Excerpted data:
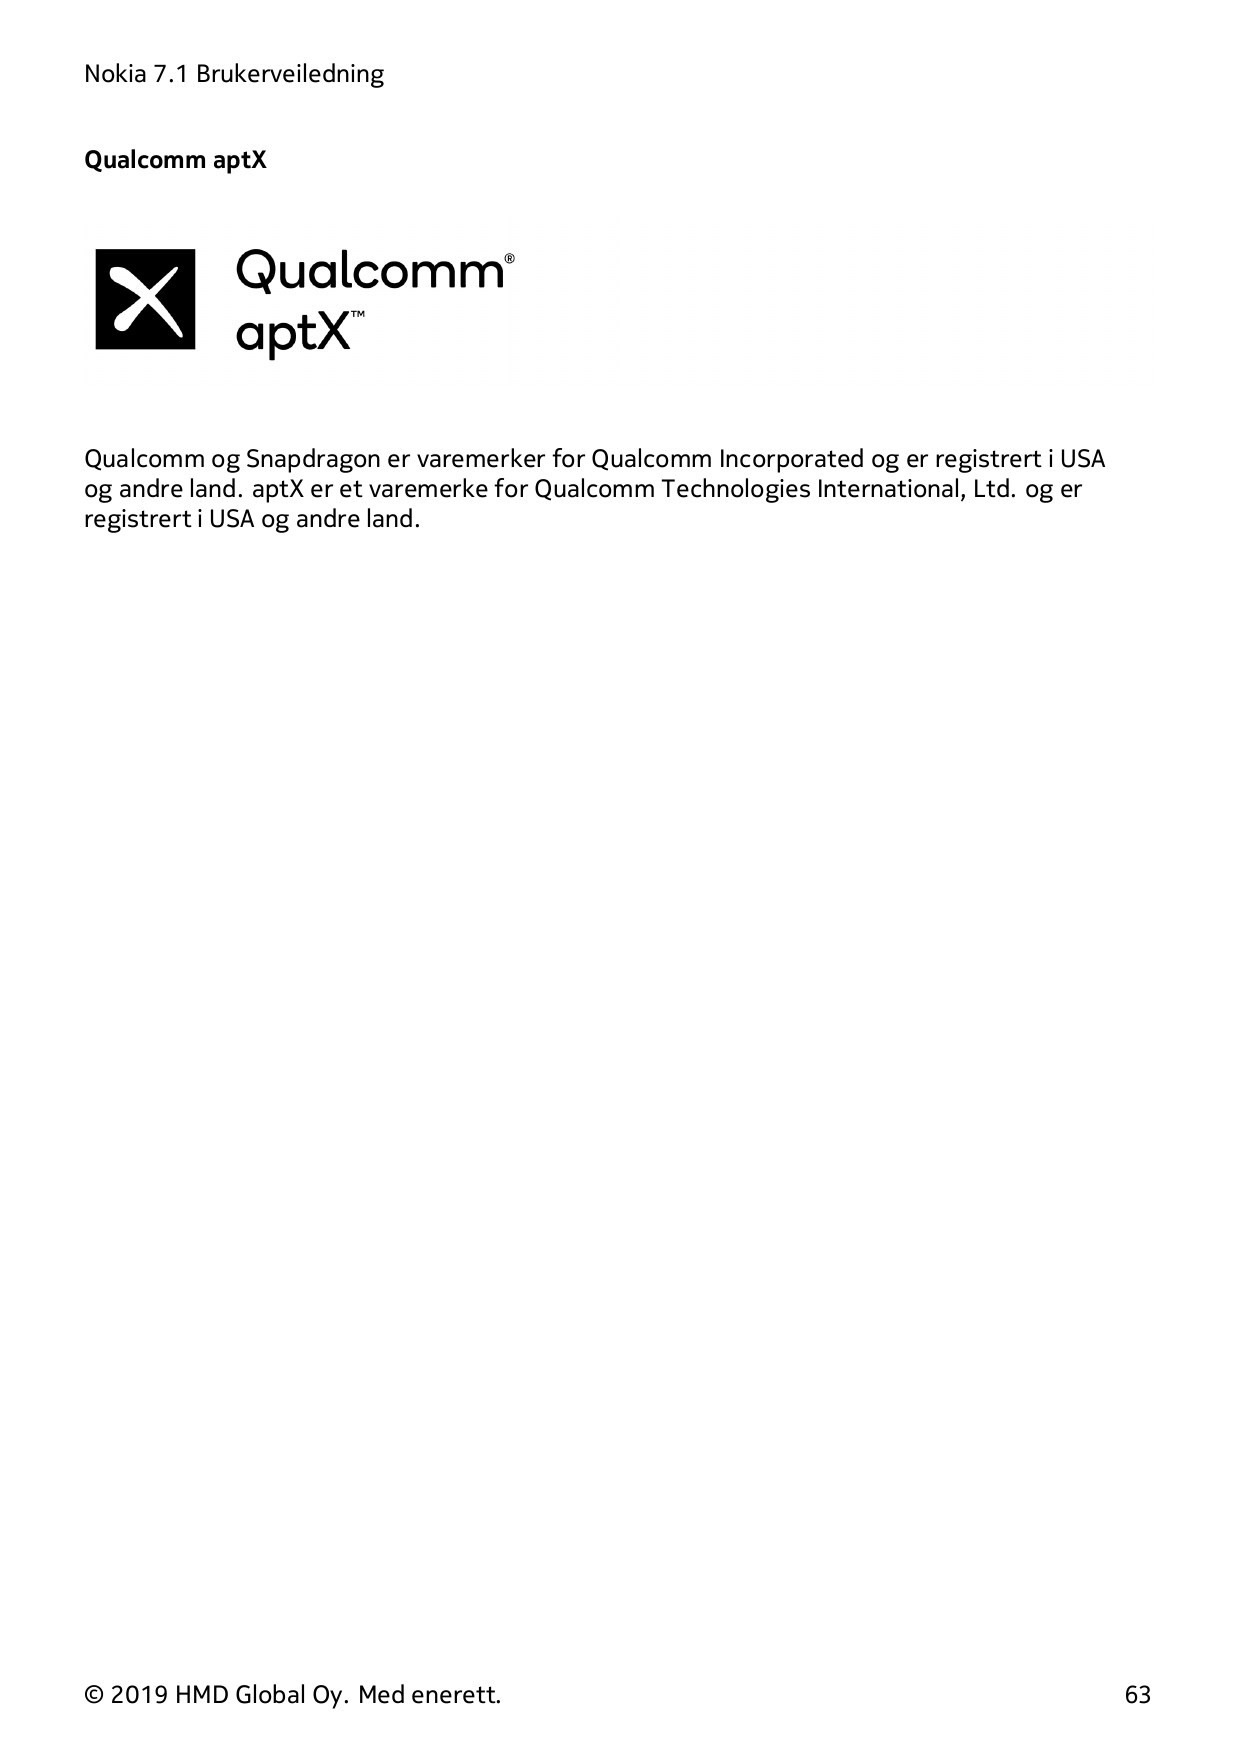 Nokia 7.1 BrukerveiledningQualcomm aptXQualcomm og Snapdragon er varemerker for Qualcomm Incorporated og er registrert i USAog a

* * *

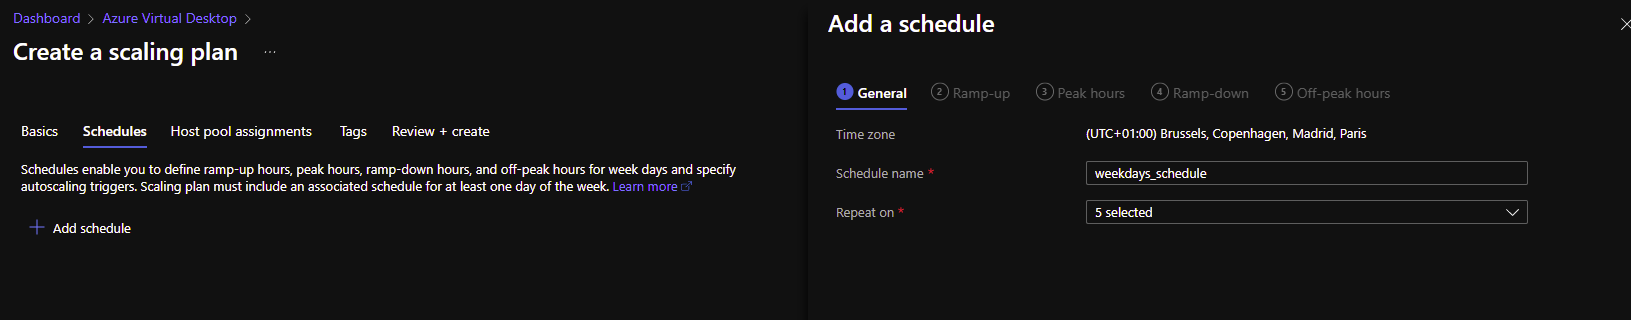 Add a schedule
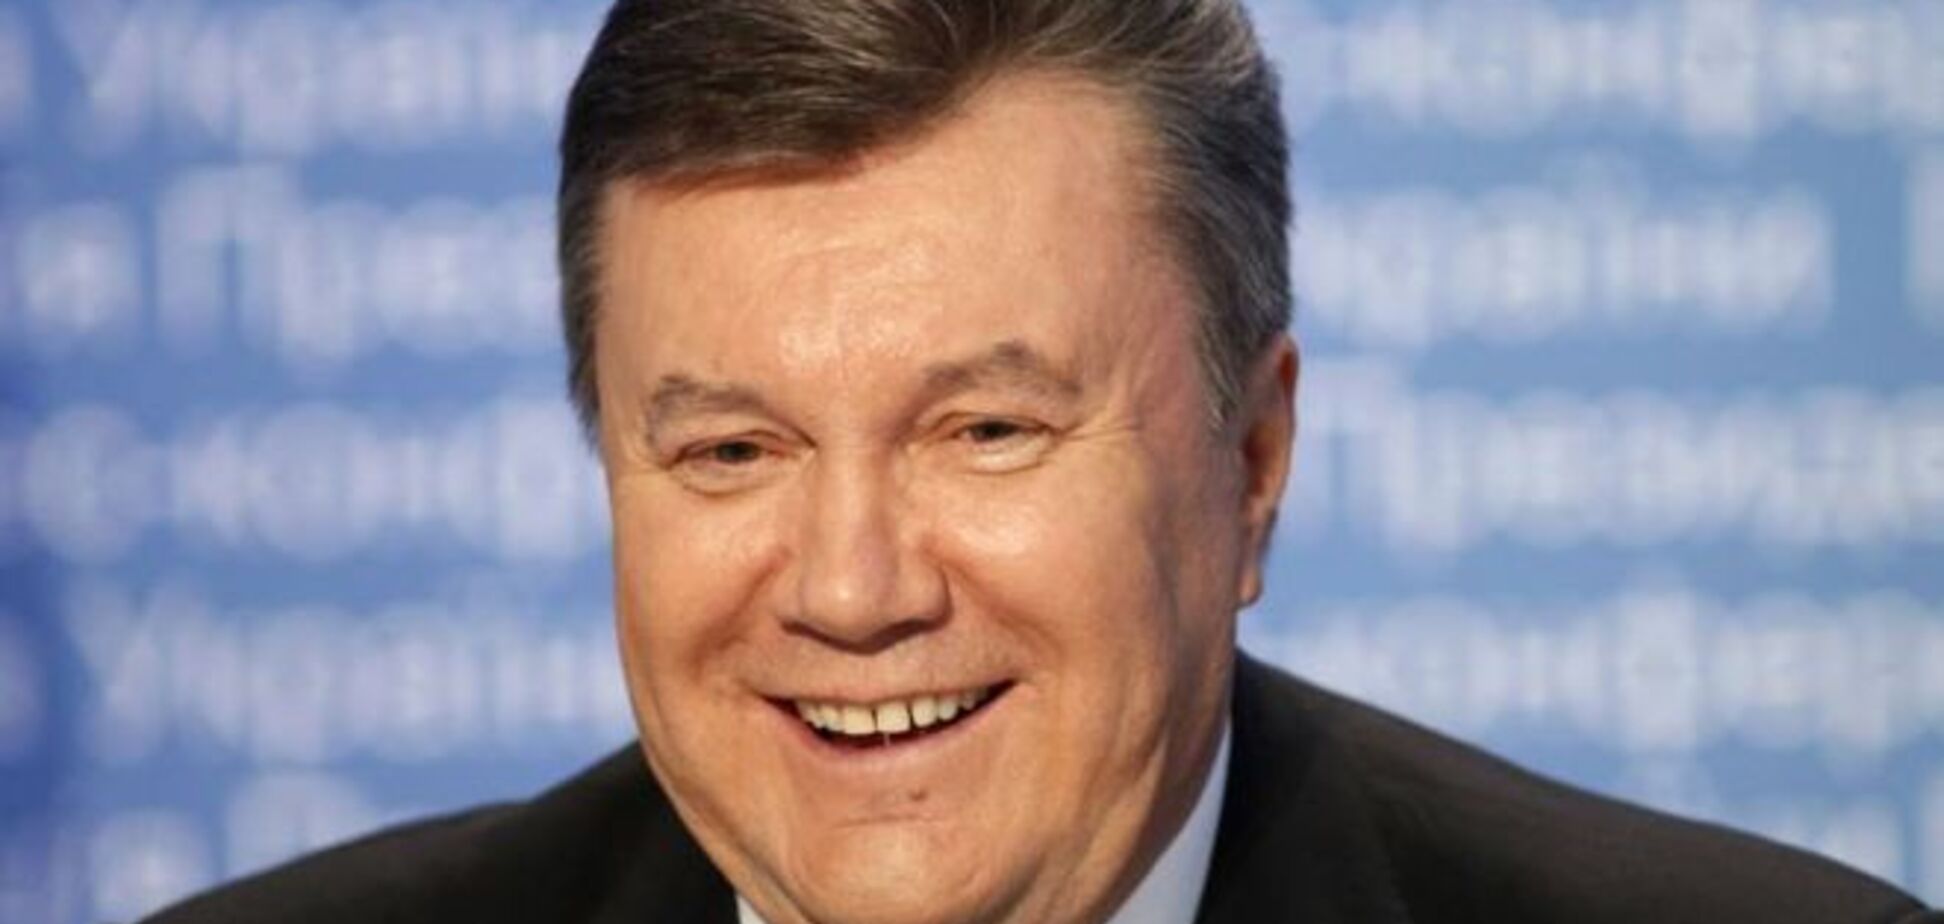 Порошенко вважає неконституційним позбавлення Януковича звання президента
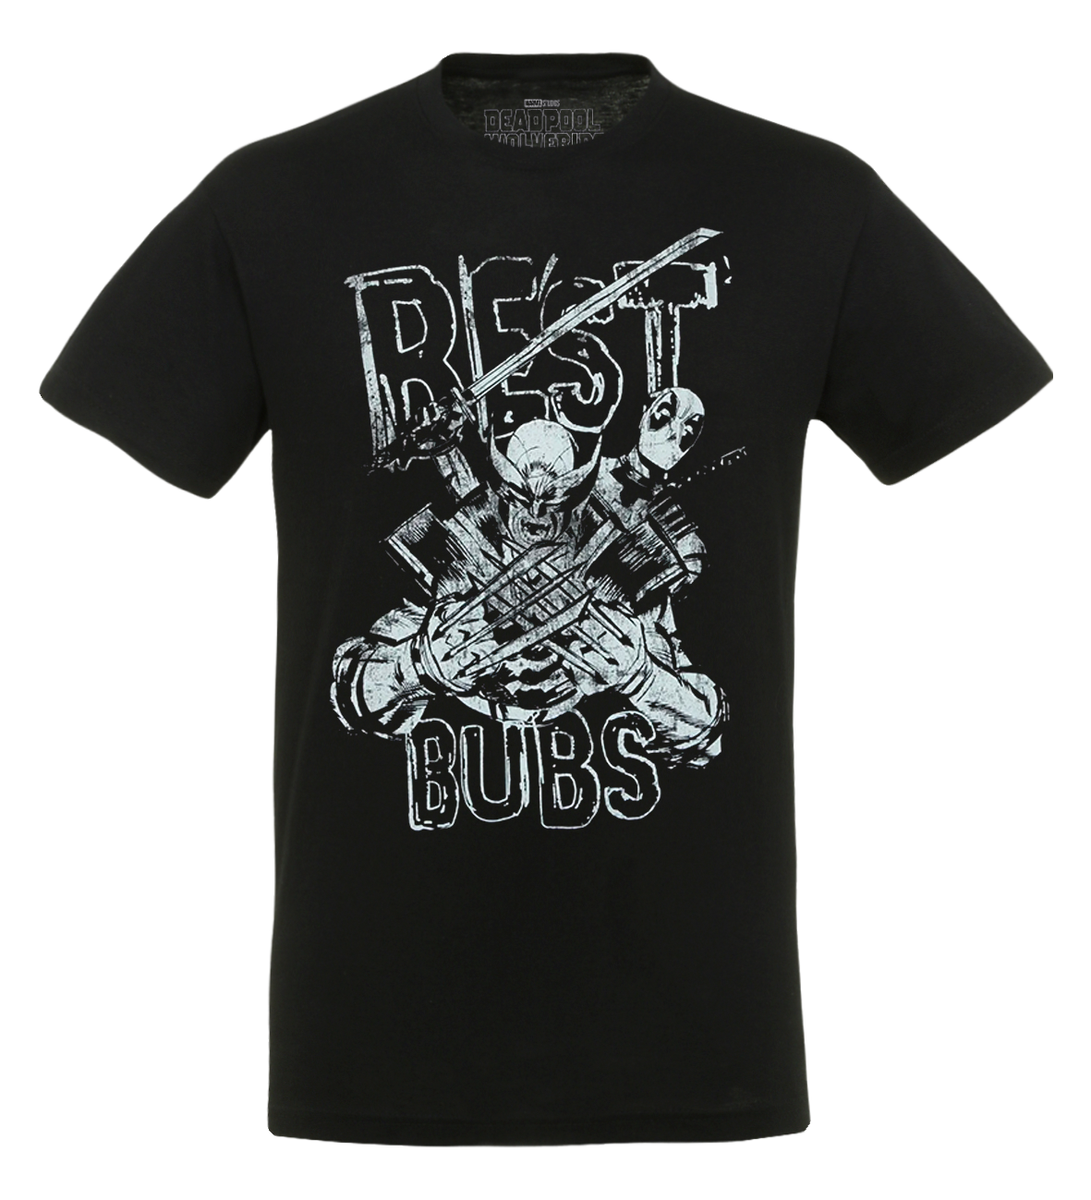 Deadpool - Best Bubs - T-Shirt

Exercise:
Print exactly, with no pictures, the lines above from the one that holds "Порошенко вважає неконституційним" through the one that holds "Deadpool - Best Bubs - T-Shirt", both of them included.

Answer area:
 Порошенко вважає неконституційним позбавлення Януковича звання президента
 Deadpool - Best Bubs - T-Shirt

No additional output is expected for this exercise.